Looks good but are there any problems ?

--- Spybot - Search && Destroy version: 1.3 ---
In windows addremove programs uninstall SpyBot then Restart the PC,
and delete SpyBots folder in program files,
usualy > C:\Program Files\Spybot - Search & Destroy
Then download and install 1.4 once thats done, check for updates, then check for problems, fix everything found, always reboot if SpyBots needs to, to finish the cleanup. http://www.safer-networking.org/index.php?page=tutorial
Download found here http://www.safer-networking.org/en/download/index.html

Update suns java manualy
Sun Java V1.5.0_06 is Available: http://java.com/en/index.jsp
Afterwards Turn off it's auto-updater,(Its buggy) , in control panel java >
update tab uncheck its option to update automatically.
After you install the newer version its important to uninstall the old versions, via addremove programs.

Chipper

2006-01-23, 23:11

I did as you instructed and everything seems to be fine.
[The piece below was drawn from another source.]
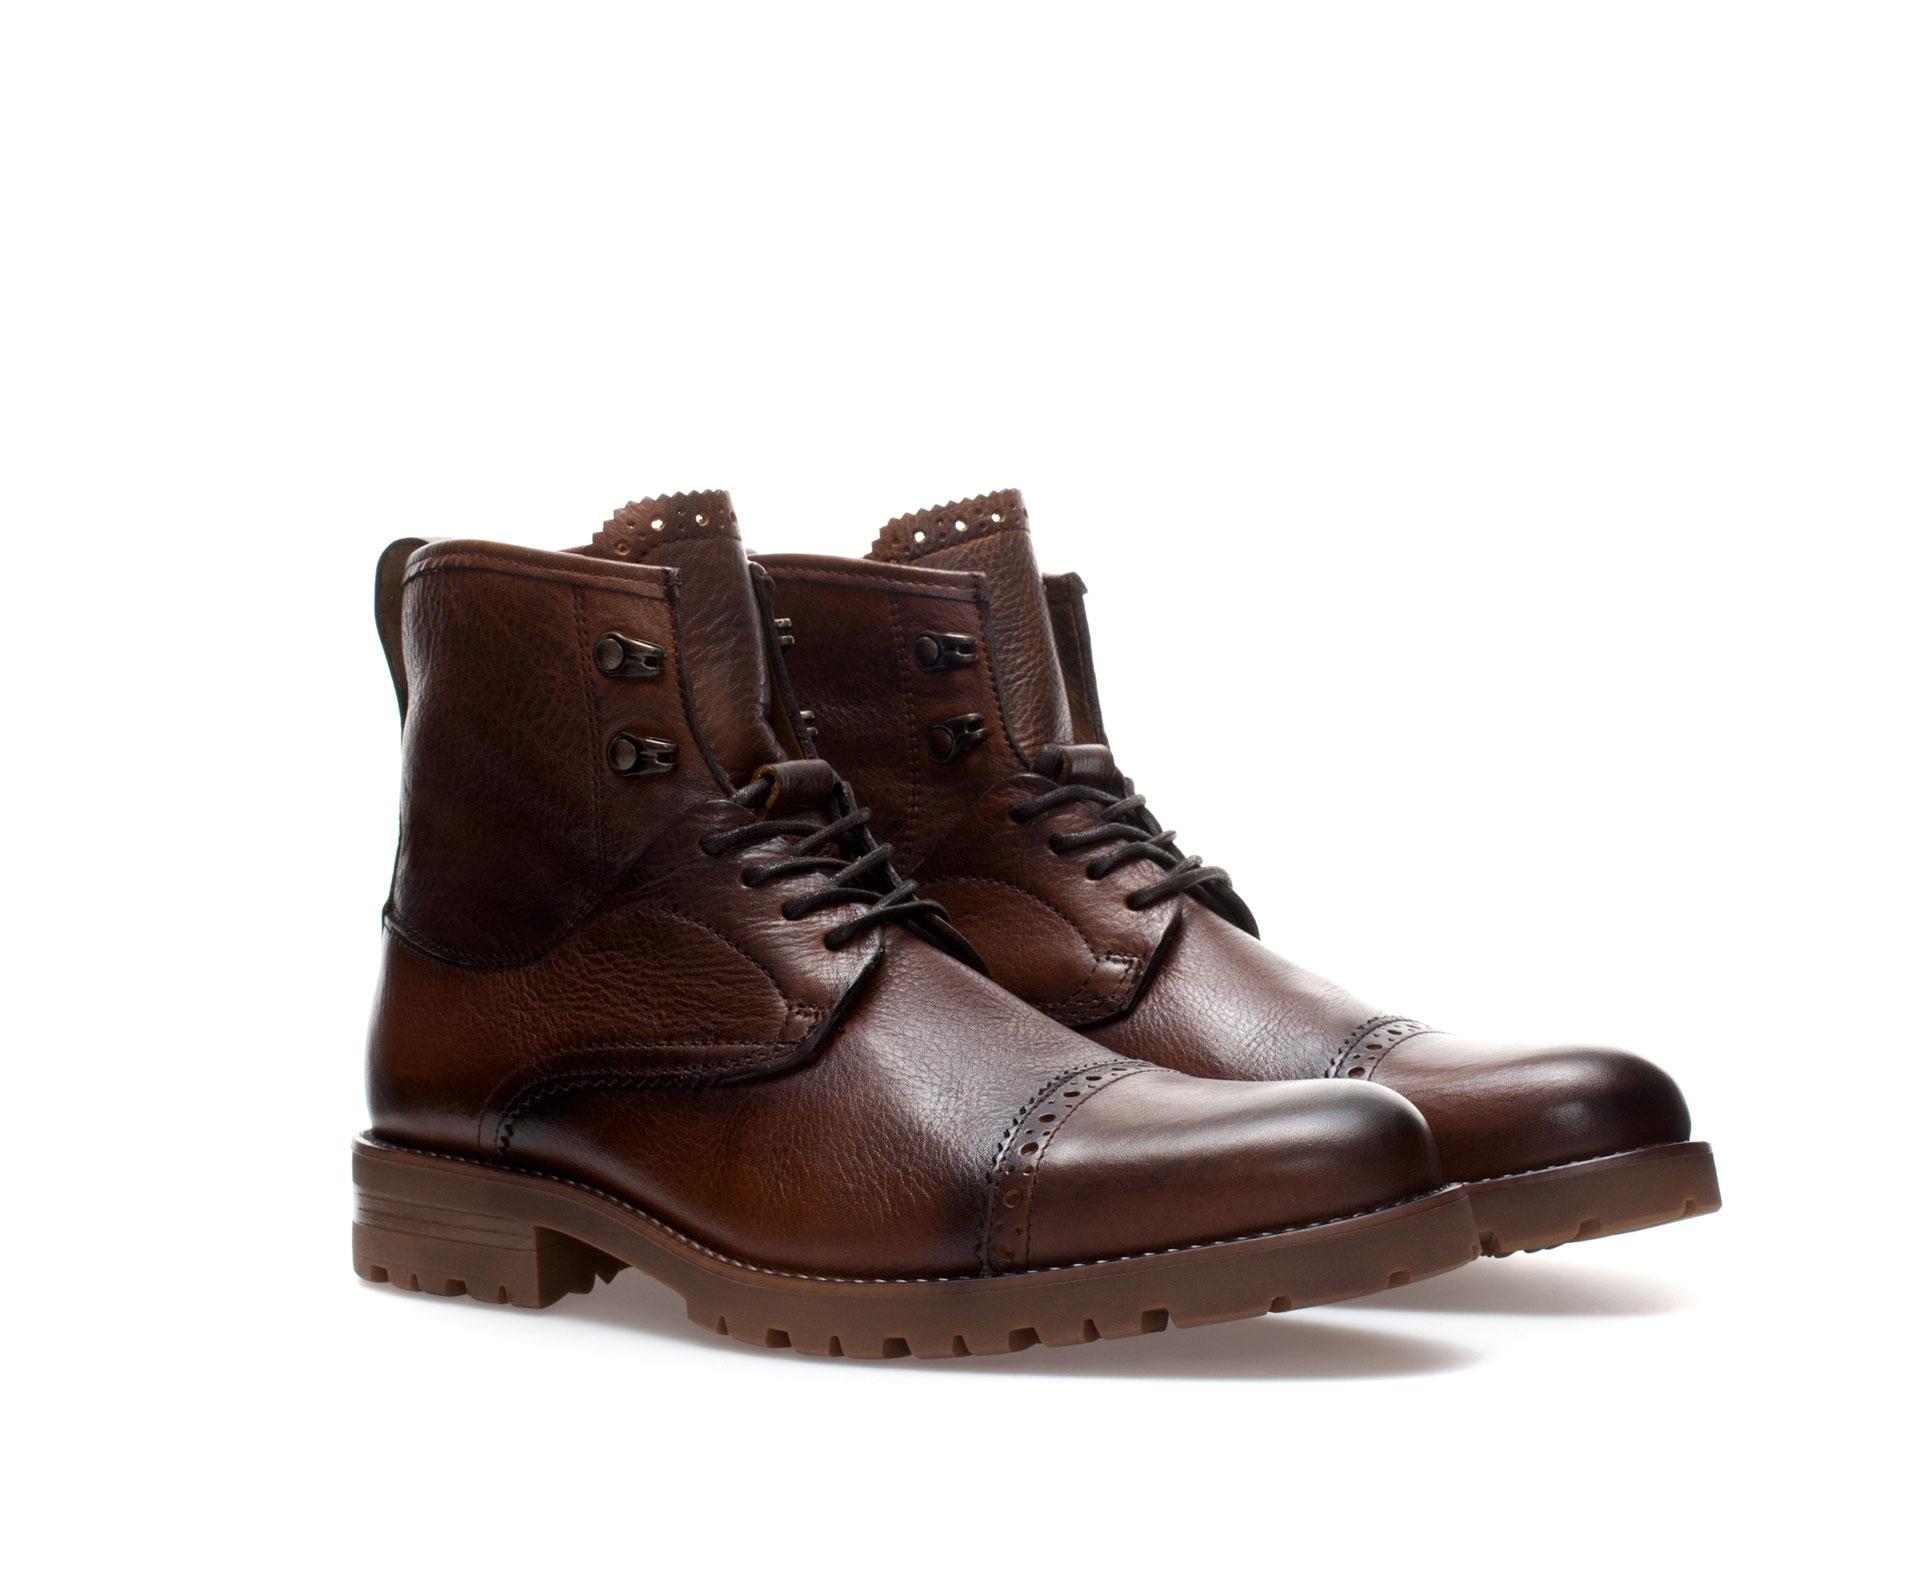 Zara Dress Brogue Boot In Brown For Men Lyst

After uninstalling and reinstalling Spybot-S&D and running it once again no problems were found. I also took care of the Java update as well. I did notice however that there is an entry in the MS system configuration utility on the start up tab for "SpywareStrike" it is not checked but could this become a problem?

LonnyRJones

2006-01-24, 05:04

Hi

No not a problem but you could re-check it, exit msconfig without restarting the pc run hijackthis and fix the item, or if you like save a log and post it.

Chipper

2006-01-24, 17:52

I did as you suggested and all remnates of "SpywareStrike" have been eradicated.

Thank You Very Much
Chipper

Anyone I know having computer problems I direct here. If you guys can't figure it out it can't be done!

LonnyRJones

2006-01-24, 21:11

Some Prevention advice :
Put in place a good hosts file
http://www.mvps.org/winhelp2002/hosts.htm
How To Download and Extract the HOSTS file:
http://www.mvps.org/winhelp2002/hosts2.htm
Replace it about once monthly
How did that go ?
To help avoid reinfection see "So how did I get infected in the first place?"
http://forums.spybot.info/showthread.php?t=279

Regards
Lonny

LonnyRJones

2006-01-28, 13:33

Im Glad we could help
Since the problems are solved Im going to close the topic now, this keeps others with similar problems from posting there logs/question here, they should start a new topic.
If you should need to post another log for the same PC let Me or Tashi know.